What are these methods doing?

  • DArT, diversity array technology, is a way to enrich for a part of a genome. It was originally developed with array technology in mind (Jaccoud et al. 2001). They take some DNA, cut it with restriction enzymes, add adapters and amplify regions close to the cut. Then they clone the resulting DNA, and then attach it to a slide, and that gives a custom microarray of anonymous fragments from the genome. For the Dart-seq version, it seems they make a sequencing library instead of going on to cloning (Ren et al. 2015).
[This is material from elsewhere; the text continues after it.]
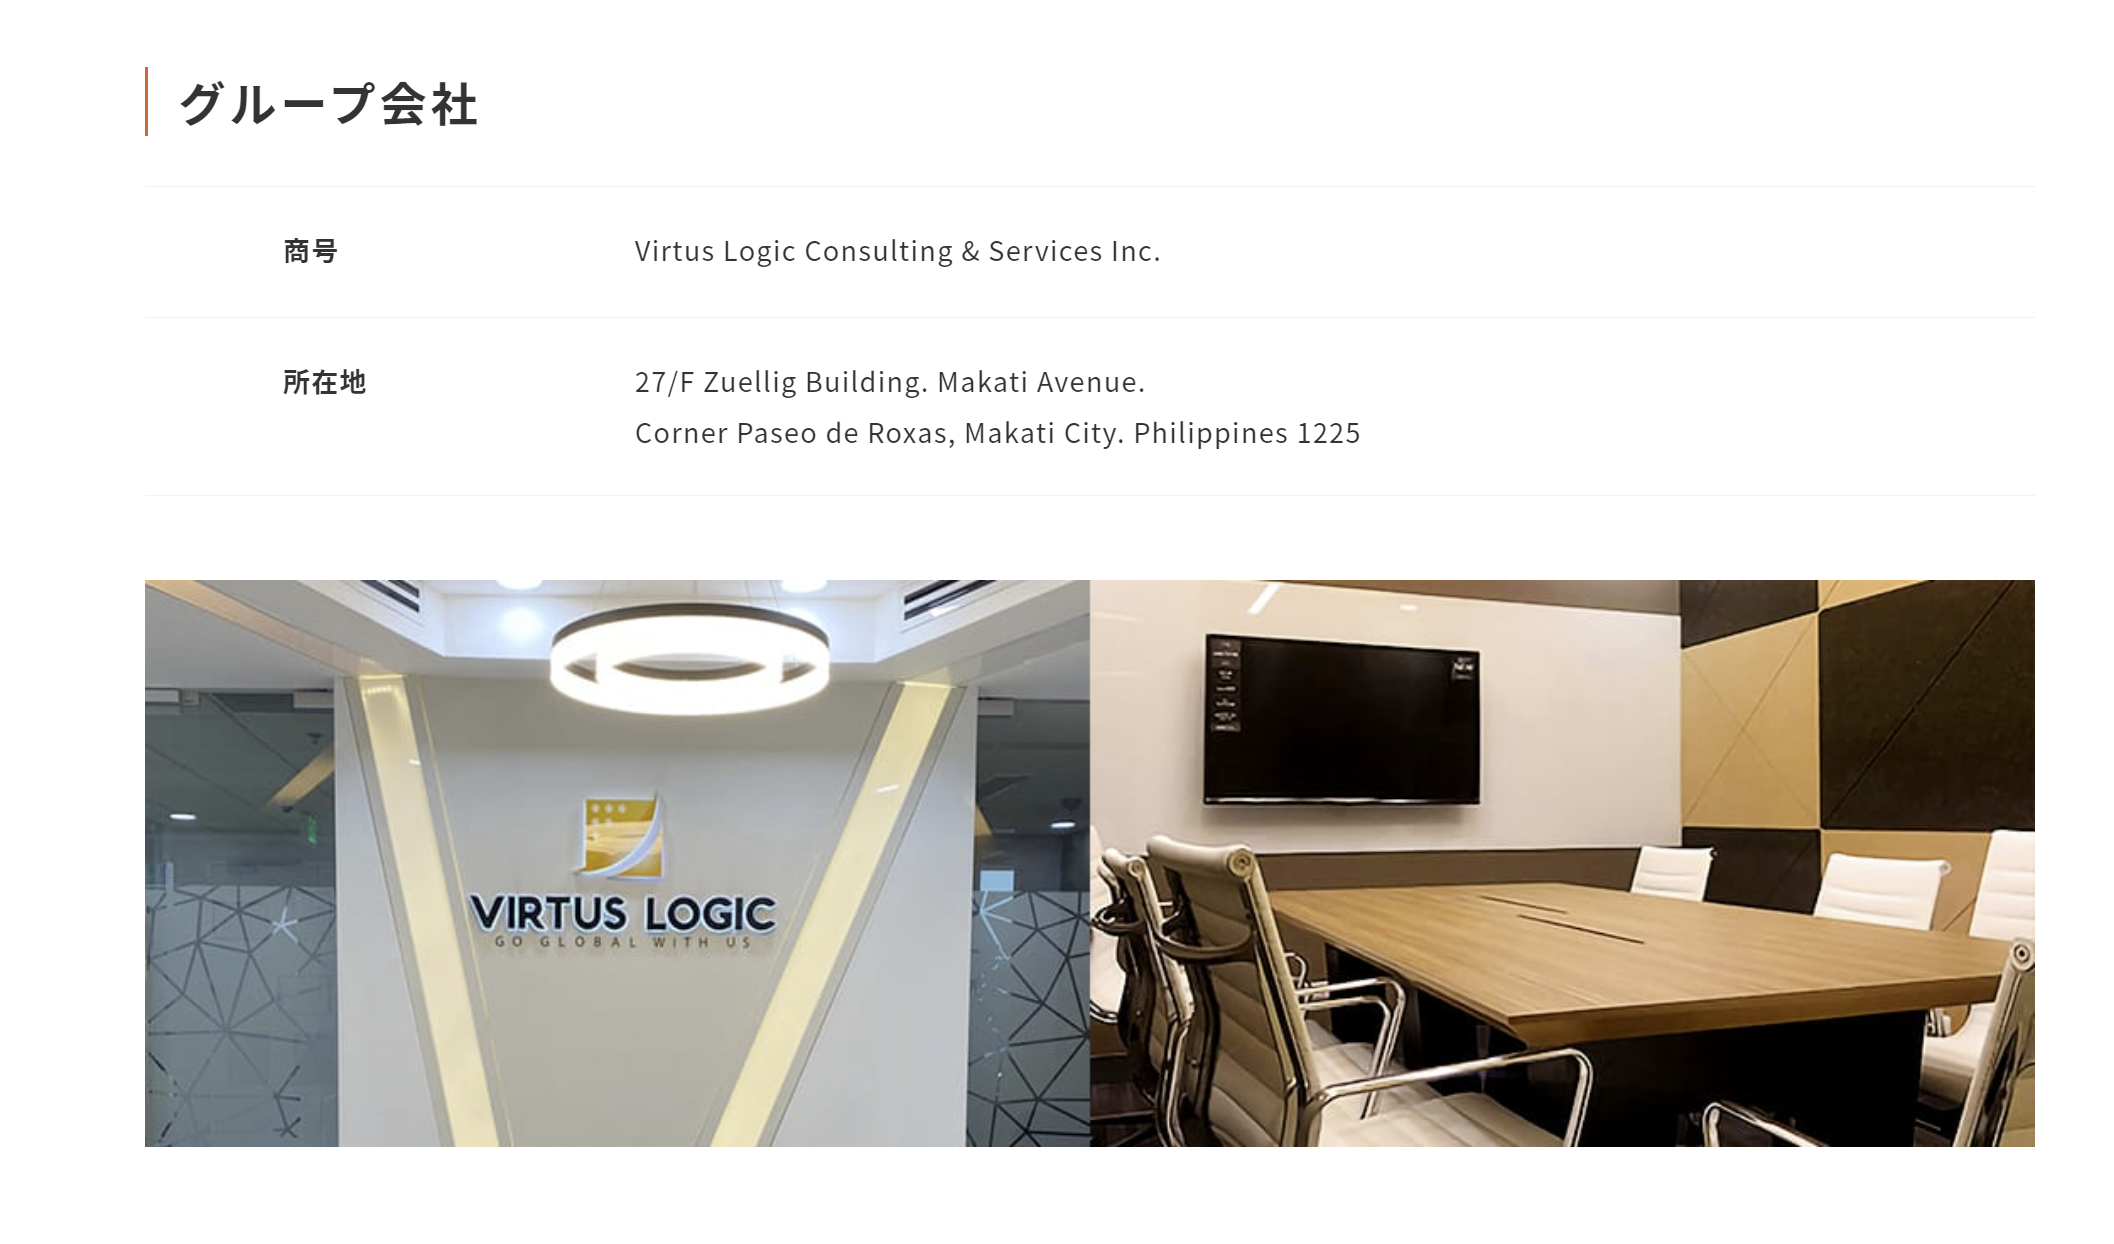 株式会社VIRTUS PAYMENTのホームページをアーカイブサイト「Wayback Machine」で確認すると、グループ会社として「Virtus Logic Consulting and Services Inc」が掲載されています。
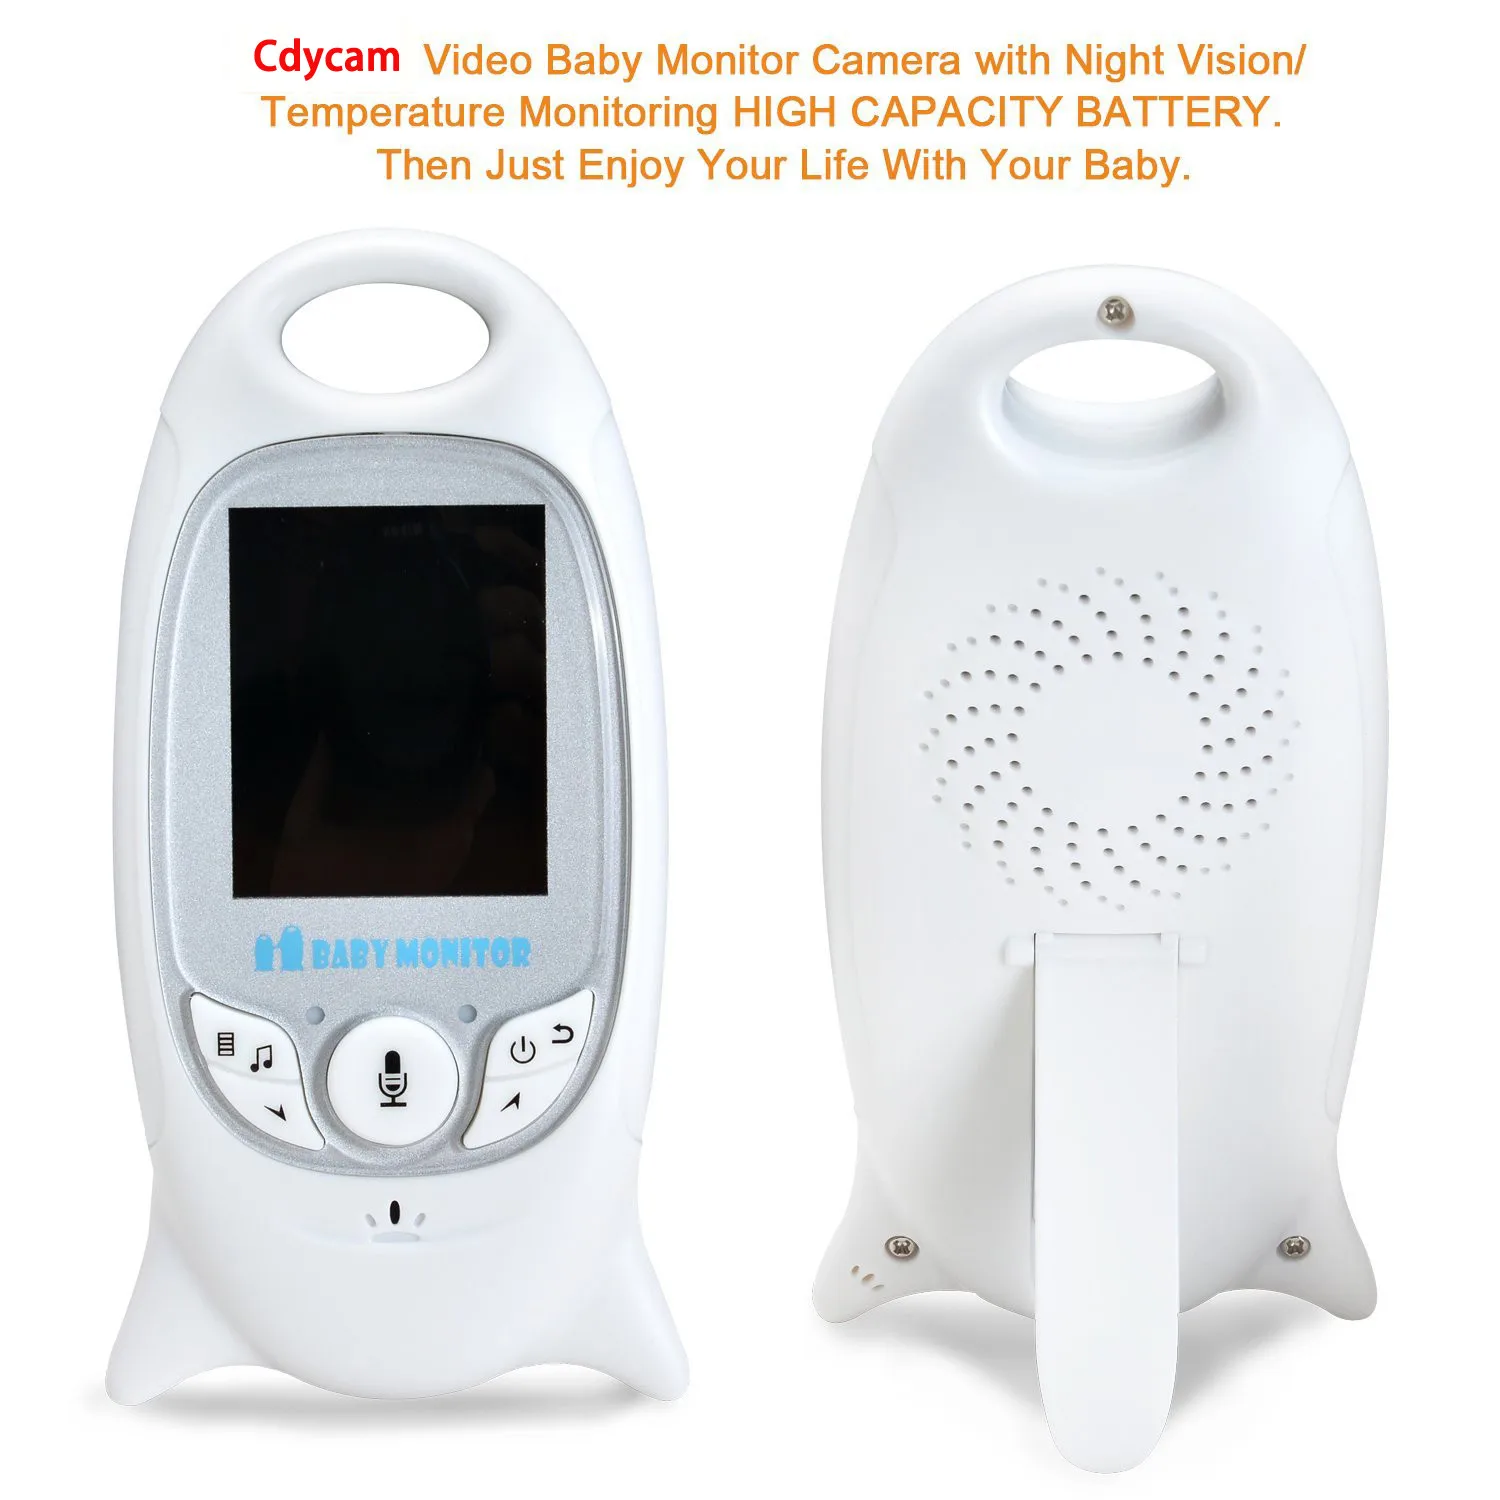 2,4 ГГц беспроводной видеоняня цветная камера видеонаблюдения Talk ИК, ночное видение Светодиодный контроль температуры детский монитор аудио видео

It falls in the same family as GBS and RAD-seq methods.
  • DART-seq, droplet-assisted RNA targeting, builds on Drop-seq, where they put single cells and beads that carry primers into the same oil droplet. As cells lyse, the RNA sticks to the primer. The beads also have a barcode so they can be identified in sequencing. Then they break the emulsion, reverse transcribe the RNA attached to beads, amplify and sequence. That is cool. However, because they capture the RNA with oligo-dT primers, they sequence from the 3′ end of the RNA. The Dart method adds primers to the beads, so they can target some specific RNAs and amplify more of them. It’s the super-high-tech version of gene-specific primers for reverse transcription..
  • DART-seq, deamination adjacent to RNA modification targets, uses a synthetic fusion protein that combines APOBEC1, which deaminates cytidines, with a protein domain from YTHDF2 which binds N6-methyladenosine. If an RNA has N6-methyladenosine, cytidines that are close to it, as is usually the case with this base modification, will be deaminated to uracil. After RNA-sequencing, this will look like Cs next to As turning into Ts. Neat! It’s a little bit like bisulfite sequencing of methylated DNA, but with RNA.

On the one hand: Don’t people search the internet before they name their methods, or do they not care? On the other hand, realistically, the genotyping method Dart and the single cell RNA-seq method Dart are unlikely to show up in the same work. If you can call your groups ”treatment” and ”control” for the purpose of a paper, maybe you can call your method ”Dart”, and no-one gets too confused.